# Our SAWYER Process

![Screenshot%202023-08-02%20at%208.43.02%20AM.png](attachment:Screenshot%202023-08-02%20at%208.43.02%20AM.png)

# Step 2: Training SAWYER's Reward Model using Human Preferences

In [1]:
import os
import torch
os.environ["CUDA_VISIBLE_DEVICES"] = "0,1"
device = torch.device("cuda")

device

device(type='cuda')

In [2]:
import os

import torch
import evaluate
import numpy as np
import torch.nn as nn
from dataclasses import dataclass, field
from typing import Any, Dict, List, Optional, Union
from datasets import load_dataset
from transformers import (
    AutoConfig,
    AutoModelForSequenceClassification,
    AutoTokenizer,
    HfArgumentParser,
    PreTrainedTokenizerBase,
    Trainer,
    TrainingArguments,
    set_seed,
)
from transformers.utils import PaddingStrategy


comparison_data_v2.json ranked responses from LLMs including:

1. GPT-4
2. GPT-3.5
3. OPT-IML
4. DaVinci (InstructGPT)

by asking GPT-4 to rate the quality.

Each data element has keys:

- user_input: str, prompts used for quering LLMs.
- responses_and_scores: list[str], list of
    - response: the response from the LLM
    - source: the LLM that generated the response
    - score: Score given to the response (from GPT-4)
    
    
See more info [here](https://github.com/Instruction-Tuning-with-GPT-4/GPT-4-LLM/tree/main#how-good-is-the-data)

In [3]:
import json
c = json.load(open('../data/comparison_data_v2.json'))

In [38]:
c[345]

{'user_input': 'Below is an instruction that describes a task. Write a response that appropriately completes the request.\n\n### Instruction:\nDescribe the importance of renewable energy',
 'responses_and_scores': [{'response': 'Renewable energy is becoming increasingly important in our world today as we strive to reduce our dependence on fossil fuels and shift to more sustainable sources of energy. Renewable energy sources such as wind, solar, and hydropower provide clean and reliable energy that can be used to power our homes, businesses, and vehicles. Renewable energy is also more cost-effective and efficient compared to other sources of energy.
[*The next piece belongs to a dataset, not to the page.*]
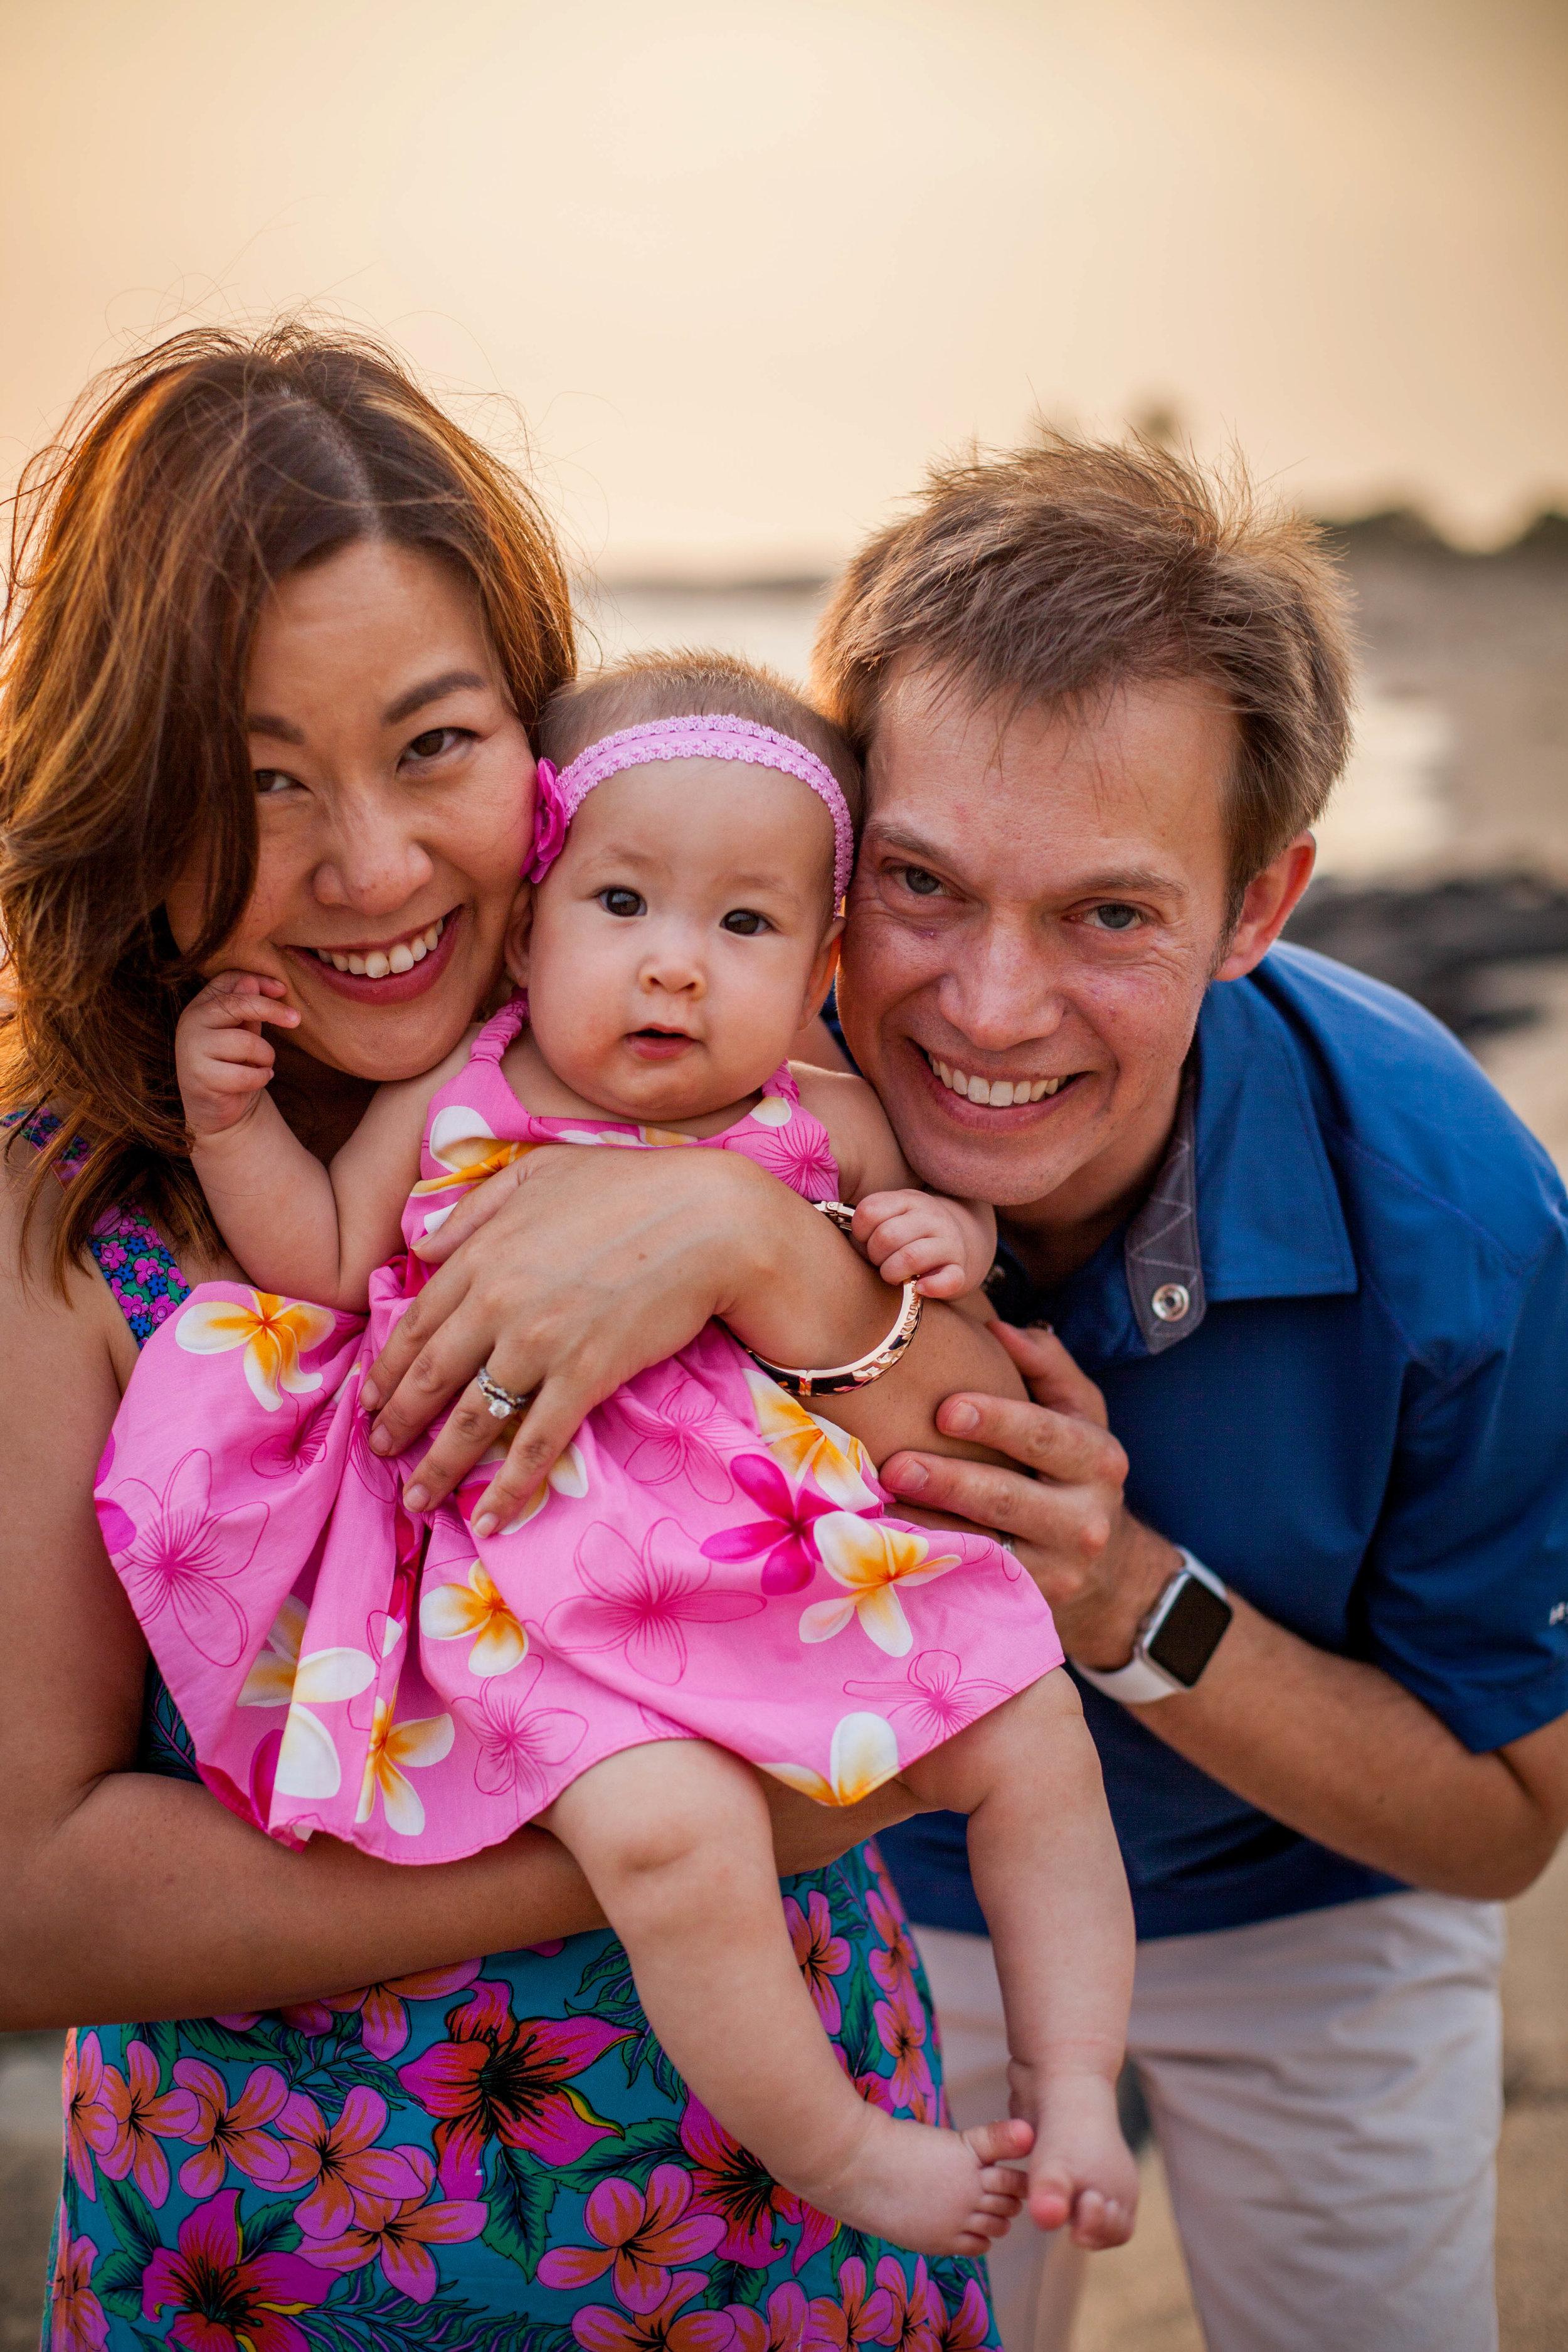 big island hawaii old kona airport beach family © kelilina photography 20170405181106.jpg

Additionally, renewable energy sources generate little to no pollution and greenhouse gas emissions, helping to reduce climate change. Renewable energy also helps to reduce our reliance on foreign countries for oil imports, thus making our nation more secure. Renewable energy is an important part of building a more sustainable future for our

In [12]:
print(c[345]['user_input'])

Below is an instruction that describes a task. Write a response that appropriately completes the request.

### Instruction:
Describe the importance of renewable energy


In [11]:
for response in c[345]['responses_and_scores']:
    print(f'Response: {response["response"]}')
    print(f'Source: {response["source"]}')
    print(f'Score: {response["score"]}')
    print('----')

Response: Renewable energy is becoming increasingly important in our world today as we strive to reduce our dependence on fossil fuels and shift to more sustainable sources of energy. Renewable energy sources such as wind, solar, and hydropower provide clean and reliable energy that can be used to power our homes, businesses, and vehicles. Renewable energy is also more cost-effective and efficient compared to other sources of energy. Additionally, renewable energy sources generate little to no pollution and greenhouse gas emissions, helping to reduce climate change. Renewable energy also helps to reduce our reliance on foreign countries for oil imports, thus making our nation more secure. Renewable energy is an important part of building a more sustainable future for our planet.
Source: text-davinci-003
Score: 9.0
----
Response: Renewable energy is an essential aspect of modern life, as it plays a crucial role in protecting the environment, reducing our dependence on finite resources, 

In [15]:
set_seed(42)

dataset = load_dataset("json", data_files='../data/comparison_data_v2.json', split="train")


Downloading and preparing dataset json/default to /Users/sinanozdemir/.cache/huggingface/datasets/json/default-20104efc7083c999/0.0.0/e347ab1c932092252e717ff3f949105a4dd28b27e842dd53157d2f72e276c2e4...


Downloading data files:   0%|          | 0/1 [00:00<?, ?it/s]

Extracting data files:   0%|          | 0/1 [00:00<?, ?it/s]

Generating train split: 0 examples [00:00, ? examples/s]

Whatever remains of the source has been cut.